**Table of contents**<a id='toc0_'></a>    
- [Unsupervised Learning](#toc1_)    
  - [Load breast cancer data](#toc1_1_)    
  - [Dimensionality reduction](#toc1_2_)    
    - [PCA (Principal Component Analysis)](#toc1_2_1_)    
    - [How to choose the number of principal components?](#toc1_2_2_)    
  - [Clustering](#toc1_3_)    
    - [Centroid-based clustering - K-Means](#toc1_3_1_)    
      - [Elbow method - choosing the # of clusters](#toc1_3_1_1_)    
    - [Agglomerative/Hierarchical/Connectivity-based clustering](#toc1_3_2_)    
      - [Ward linkage](#toc1_3_2_1_)    
      - [Complete linkage](#toc1_3_2_2_)    
      - [Single linkage](#toc1_3_2_3_)    
    - [Where is agglomerative clustering better than centroid-based clustering?](#toc1_3_3_)    
    - [Density-based clustering - DBSCAN (Density-based spatial clustering of applications with noise)](#toc1_3_4_)    
  - [Clustering metrics](#toc1_4_)    
- [Resources](#toc2_)    
- [References](#toc3_)    
- [Acknowledgements](#toc4_)    

<!-- vscode-jupyter-toc-config
	numbering=false
	anchor=true
	flat=false
	minLevel=1
	maxLevel=6
	/vscode-jupyter-toc-config -->
<!-- THIS CELL WILL BE REPLACED ON TOC UPDATE. DO NOT WRITE YOUR TEXT IN THIS CELL -->

# <a id='toc1_'></a>[Unsupervised Learning](#toc0_)

In [None]:
import seaborn as sns
import pandas as pd
import matplotlib.pyplot as plt
from matplotlib.lines import Line2D
import plotly.express as px
import plotly.io as pio
pio.templates.default = 'simple_white'

import numpy as np
import warnings
warnings.filterwarnings('ignore')

from sklearn import cluster, datasets
from sklearn.preprocessing import MinMaxScaler, StandardScaler
from sklearn.decomposition import PCA
from sklearn.metrics import silhouette_score

from yellowbrick.cluster import KElbowVisualizer

## <a id='toc1_1_'></a>[Load breast cancer data](#toc0_)

In [None]:
# Unsupervised Learning Class
from sklearn.datasets import load_breast_cancer
cancer = load_breast_cancer()
print(cancer['DESCR'])

In [None]:
X = cancer['data']
y = cancer['target']
display(X.shape)
display(y.shape)

In [None]:
# let's visualize all the data in a dataframe
data = pd.DataFrame(X, columns=cancer['feature_names'])
data['label'] = y
data.head()

## <a id='toc1_2_'></a>[Dimensionality reduction](#toc0_)

### <a id='toc1_2_1_'></a>[PCA (Principal Component Analysis)](#toc0_)

Principal Component Analysis (PCA) is a statistical technique used for dimensionality reduction. It transforms the data into a new coordinate system such that the greatest variance by any projection of the data comes to lie on the first coordinate (called the first principal component), the second greatest variance on the second coordinate, and so on.

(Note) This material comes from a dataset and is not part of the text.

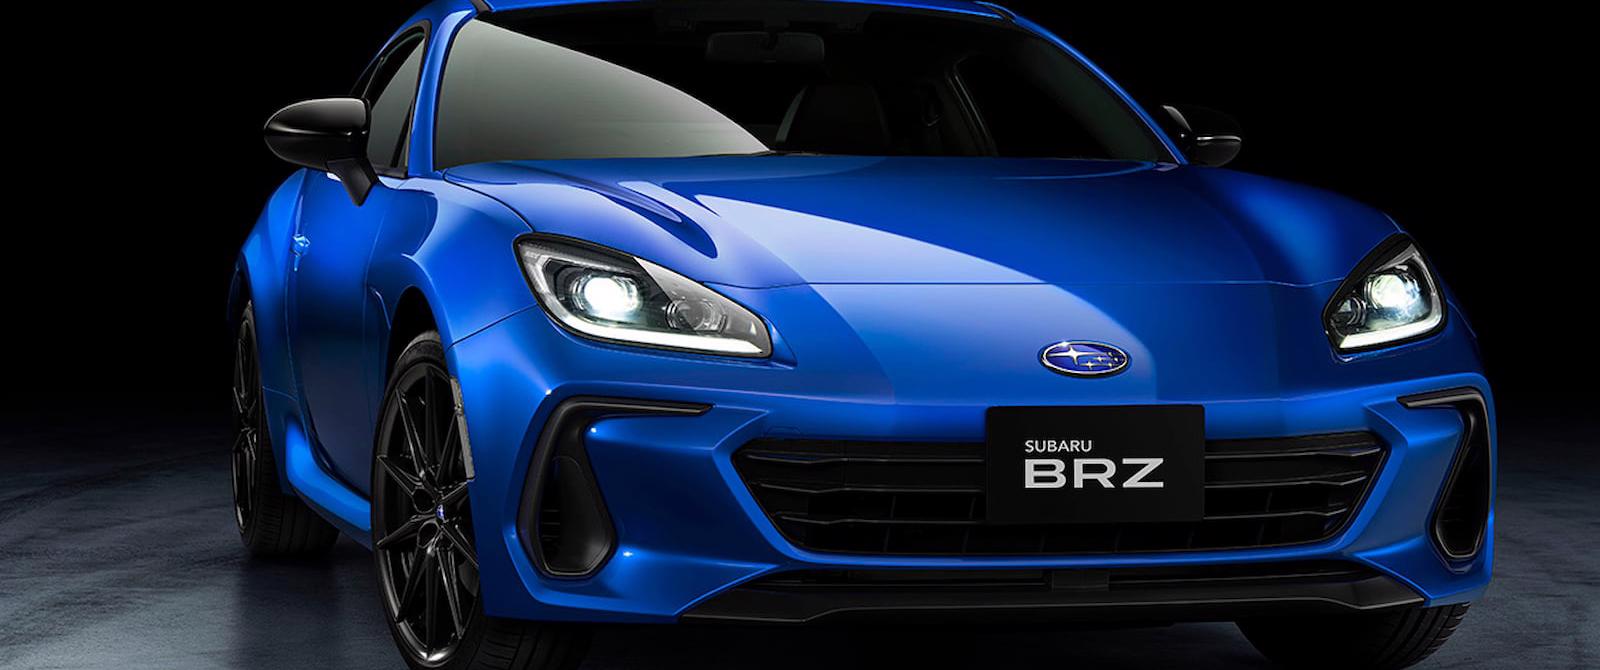 Subaru giới thiệu phiên bản giới hạn đặc biệt của BRZ

![](https://imgs.search.brave.com/1u8pddu4FRUlSAuxj0i992lYN__bYby0JDUEqF2abEM/rs:fit:860:0:0/g:ce/aHR0cHM6Ly9icmFk/bGV5Ym9laG1rZS5n/aXRodWIuaW8vSE9N/TC8xNS1wY2FfZmls/ZXMvZmlndXJlLWh0/bWwvY3JlYXRlLXBj/YS1pbWFnZS0xLnBu/Zw)  
(Source: [Hands-on Machine Learning with R, Bradley Boehmke](https://bradleyboehmke.github.io/HOML/pca.html))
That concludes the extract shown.